**Problem requirements**
Skip the pictures, please, and write out exactly every line from the one containing "Chili Lime Cola Sumatra Decaf Coffee - Label" through the end of the listing below.

**Data section**
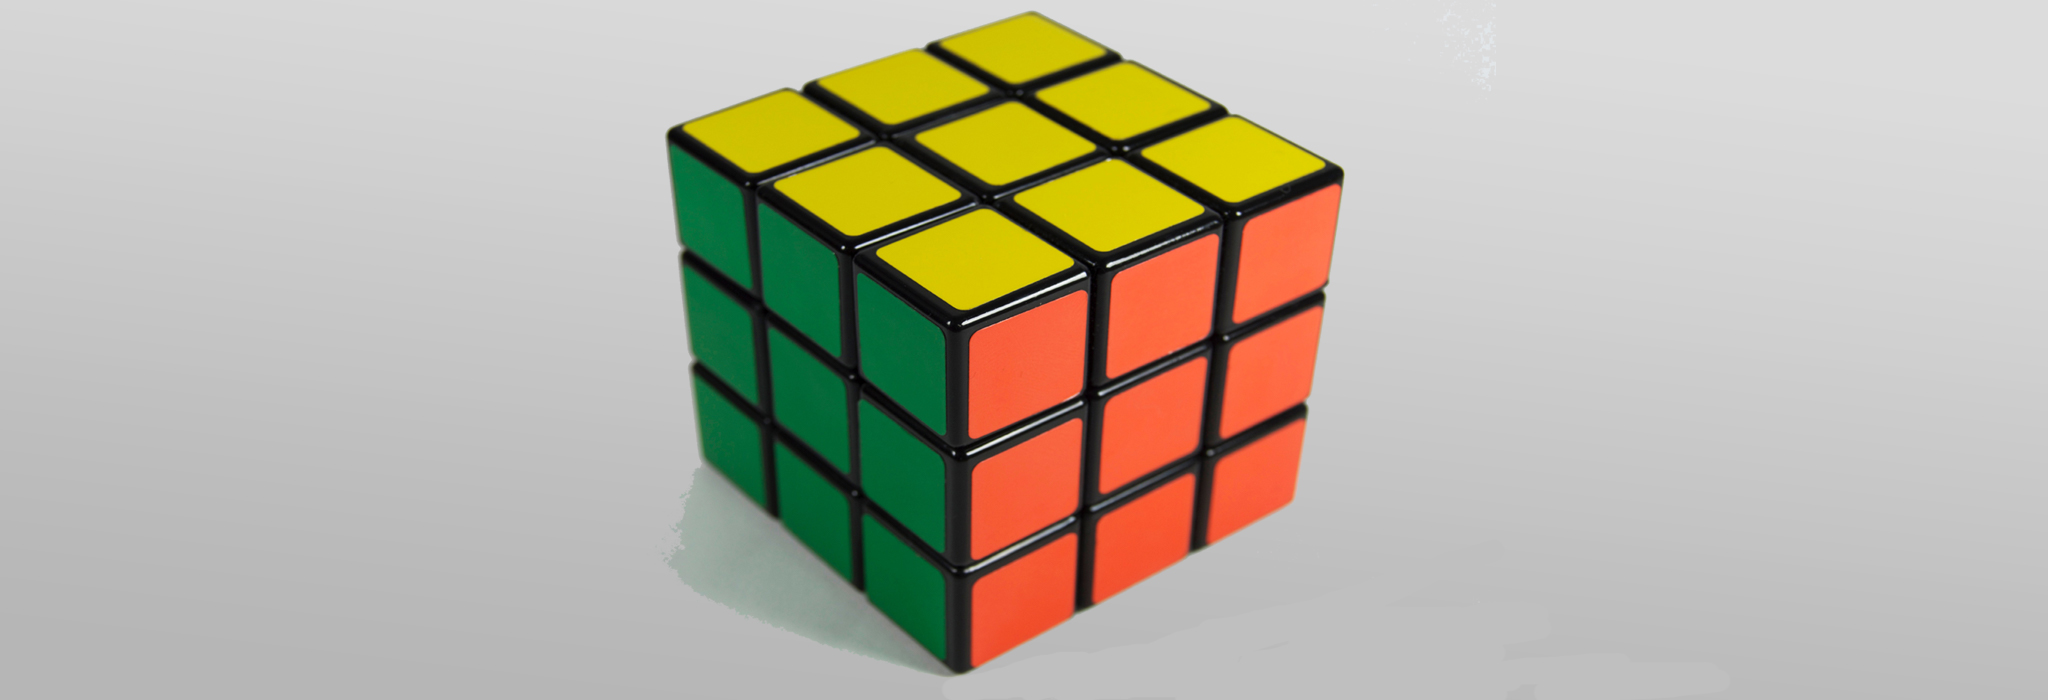 rubic-cube-ssd-designs
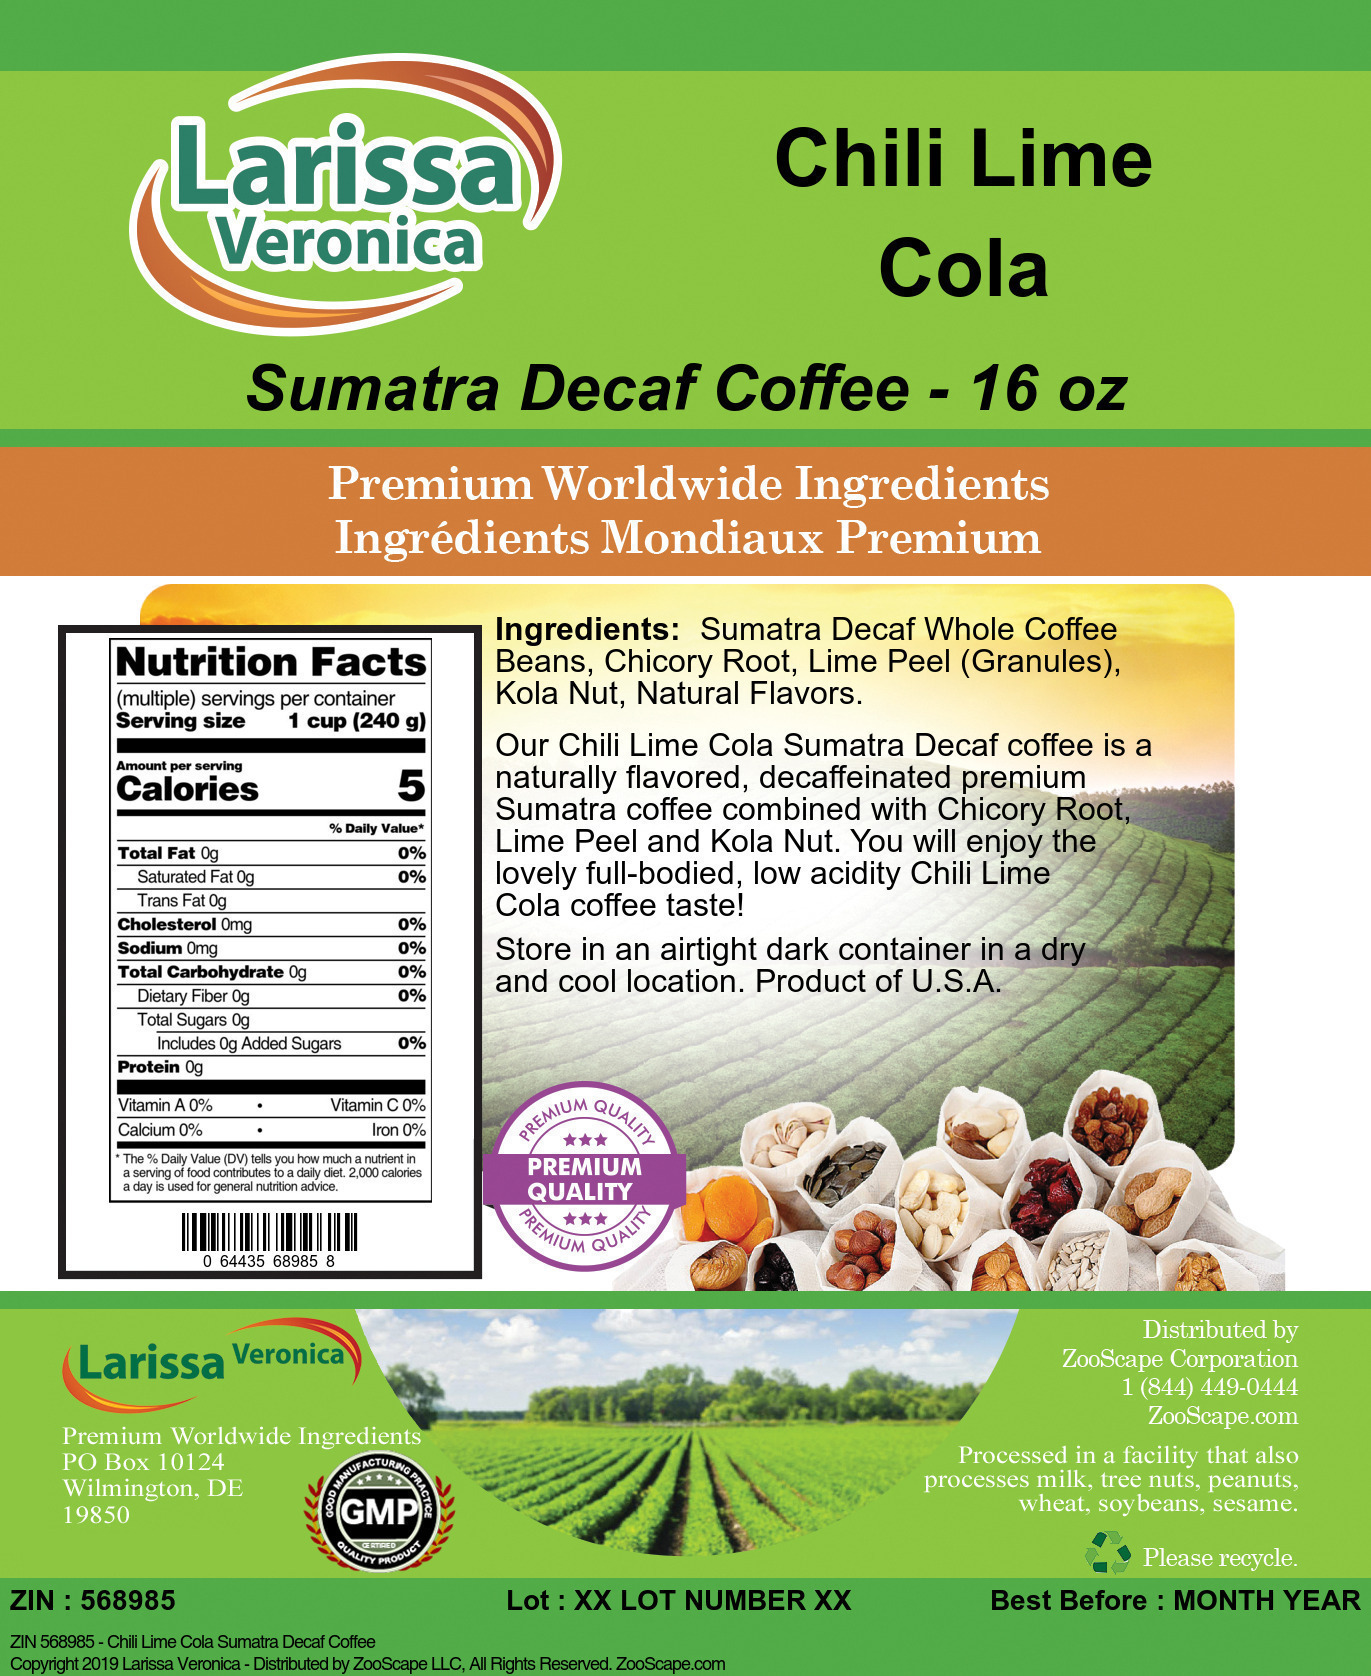 Chili Lime Cola Sumatra Decaf Coffee - Label
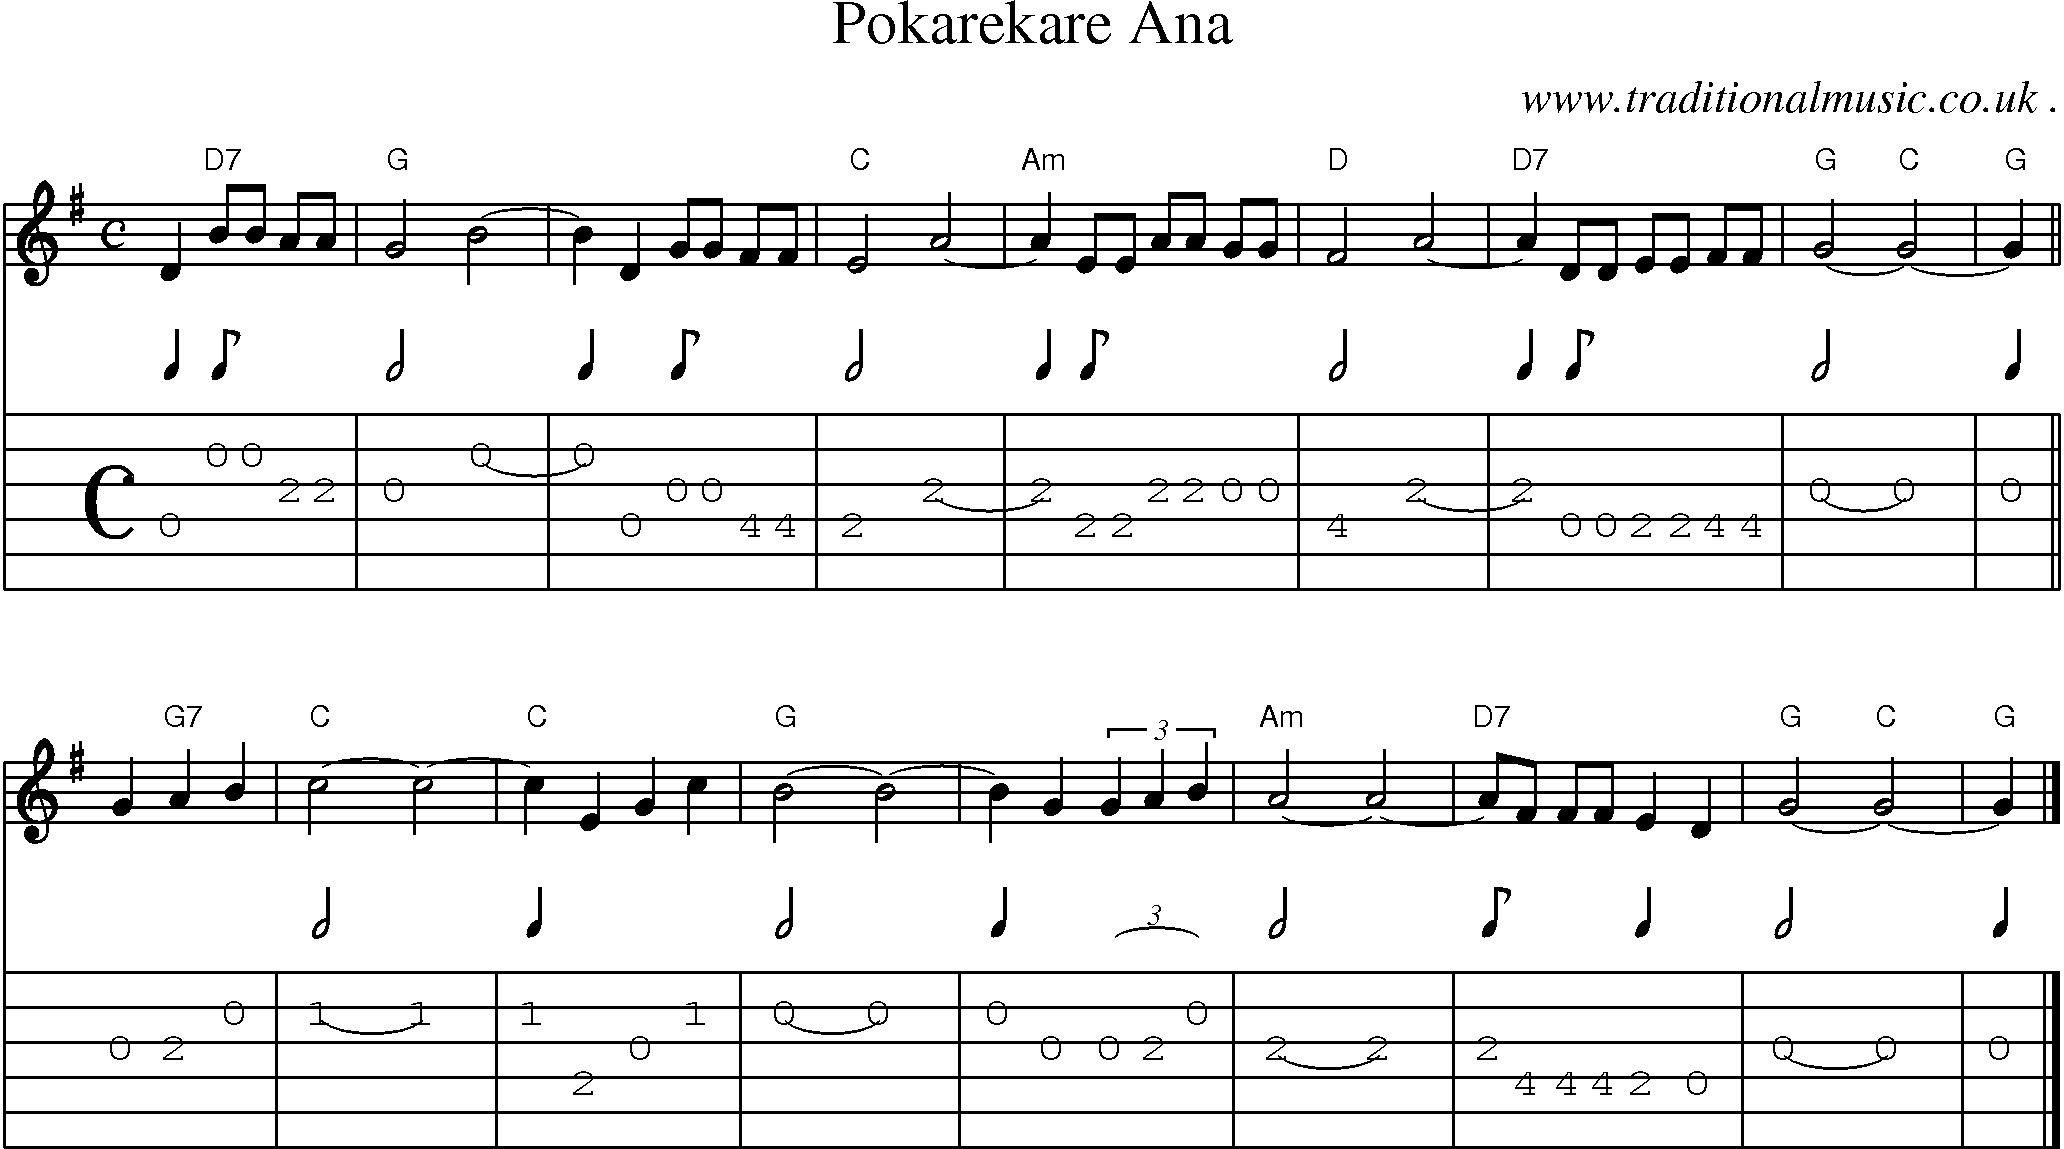 Sheet-music  score, Chords and Guitar Tabs for Pokarekare Ana

**Result of this task**
 Chili Lime Cola Sumatra Decaf Coffee - Label
 Sheet-music  score, Chords and Guitar Tabs for Pokarekare Ana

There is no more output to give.